Comparative Evaluation of Radiomics and Deep Learning Models for Disease Detection in Chest Radiography

This study followed a multi-stage pipeline involving radiomics feature extraction and data preprocessing, model training, and evaluation. The workflow integrated both radiomics-based and deep learning-based approaches for multi-class classification of chest X-ray images. A visual overview of the methodology is provided in Fig. 1.

Fig. 1figure 1

Overview of workflow for this study. The workflow integrates radiomics and deep learning for X-ray analysis. It starts with X-ray preprocessing, followed by radiomics feature extraction. Feature selection (SelectKBest) and model training are performed, while deep learning models are trained separately. Finally, both approaches undergo model evaluation using performance metrics

Data Source

This study utilized a publicly available and comprehensive dataset of chest X-ray images, sourced from multiple repositories and compiled by a team of international researchers [26]. The dataset contains a total of 21,165 images categorized into four classes: 3616 images of patients diagnosed with COVID-19, 6,012 images of patients with lung opacity, 1345 images of patients with viral pneumonia, and 10,192 images of patients with no disease findings (Normal). The dataset is in the Portable Network Graphics (PNG) format with a resolution of 299 × 299 pixels and includes a posteroanterior view chest radiograph and its corresponding lung segmentation masks.

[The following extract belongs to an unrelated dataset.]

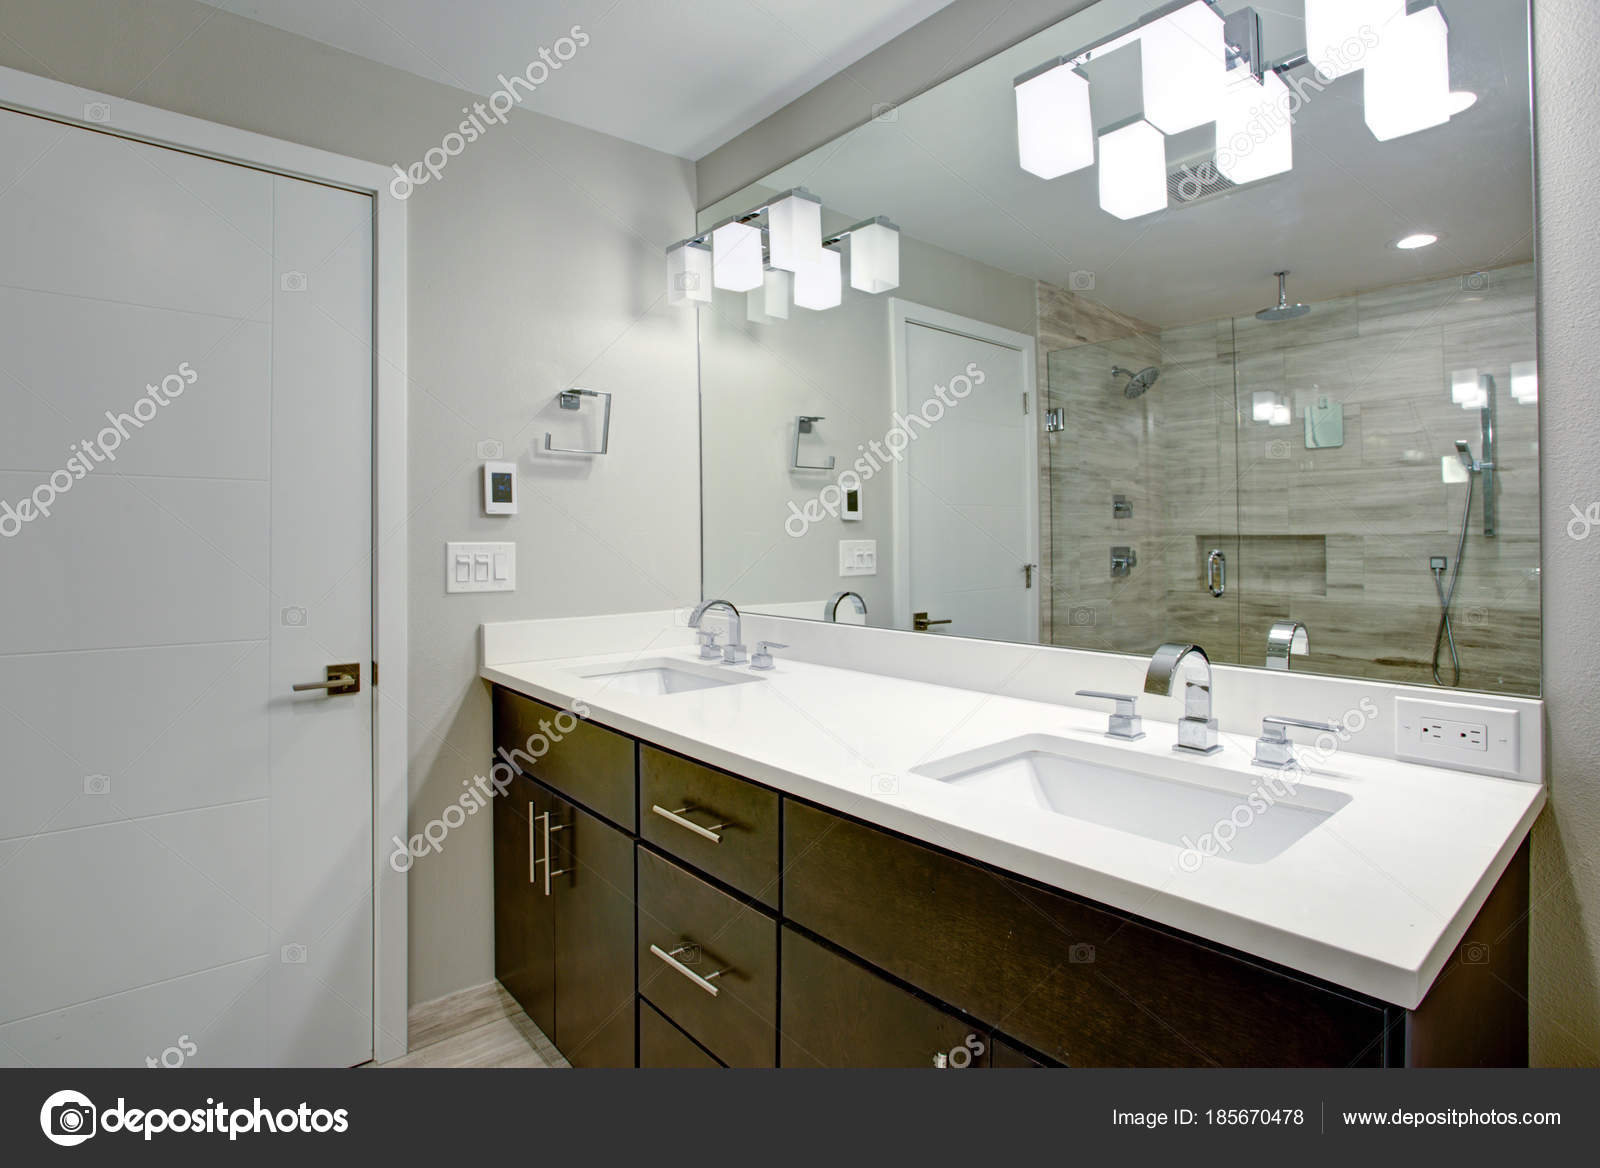 Elegant Bathroom With Espresso Double, Espresso Double Vanity Bathroom

The full aggregated dataset was partitioned into training, validation, and testing subsets. A total of 344 samples per class were reserved for the test set using stratified sampling to ensure balanced representation across all four categories. This number was chosen based on the smallest class size (1345 samples), allowing up to 1000 samples to remain available for training. The remaining data was used to create training subsets of varying sizes (24, 48, 100, 248, 500, 1000, 2000, and 4000) using stratified sampling to preserve class distribution. A fivefold cross-validation strategy was employed, with each fold further split into 80% training and 20% validation.

Radiomics Feature Extraction and Preprocessing

A pipeline was employed to prepare medical images and their corresponding lung segmentation masks for radiomics feature extraction, ensuring standardized model inputs. File paths were generated for each subject, systematically organizing image and mask files based on predefined directory structures. Using the SimpleITK [27] library, images and Masks were loaded, converted to grayscale if necessary, and rescaled to an intensity range of 0 to 255 using the RescaleIntensityImageFilter. Both images and Masks were cast to 8-bit unsigned integers to ensure compatibility with subsequent radiomics feature extraction processes. The mask was resampled to match the image size and spatial resolution using nearest-neighbor interpolation, ensuring consistent spatial dimensions and intensity values across inputs.

Radiomic features were extracted using PyRadiomics [28], encompassing both texture-based and intensity-based descriptors. To identify the most informative features for classification, we applied the SelectKBest method from Scikit-learn [29], which ranks features based on the F-values derived from Analysis of Variance (ANOVA). Features such as Gray Level Co-occurrence Matrix (GLCM) Cluster Shade and Cluster Tendency (which quantify texture heterogeneity), along with First-order Skewness and Interquartile Range (which describe intensity distribution), were among the highest-ranked based on their ANOVA F-scores. The data was normalized, and reference standard annotations (0 for normal, 1 for COVID, 2 for viral pneumonia, and 3 for lung opacity) were assigned to each class.

Deep Learning-Based Model Data Preprocessing

For the image-based deep learning models, the data was preprocessed to match the input format required by the models. Images were resized to 256× 256 pixels, and pixel values were normalized to the [0, 1] range. Data augmentation was performed using TensorFlow [30]'s ImageDataGenerator, including rescaling, shear transformations, zoom operations, and horizontal flipping to simulate variability in chest X-ray images. This preprocessing ensured that model inputs were consistent with the preprocessed image format and enhanced the model’s generalization capabilities. The images were organized into directory structures for efficient loading via the flow_from_directory method.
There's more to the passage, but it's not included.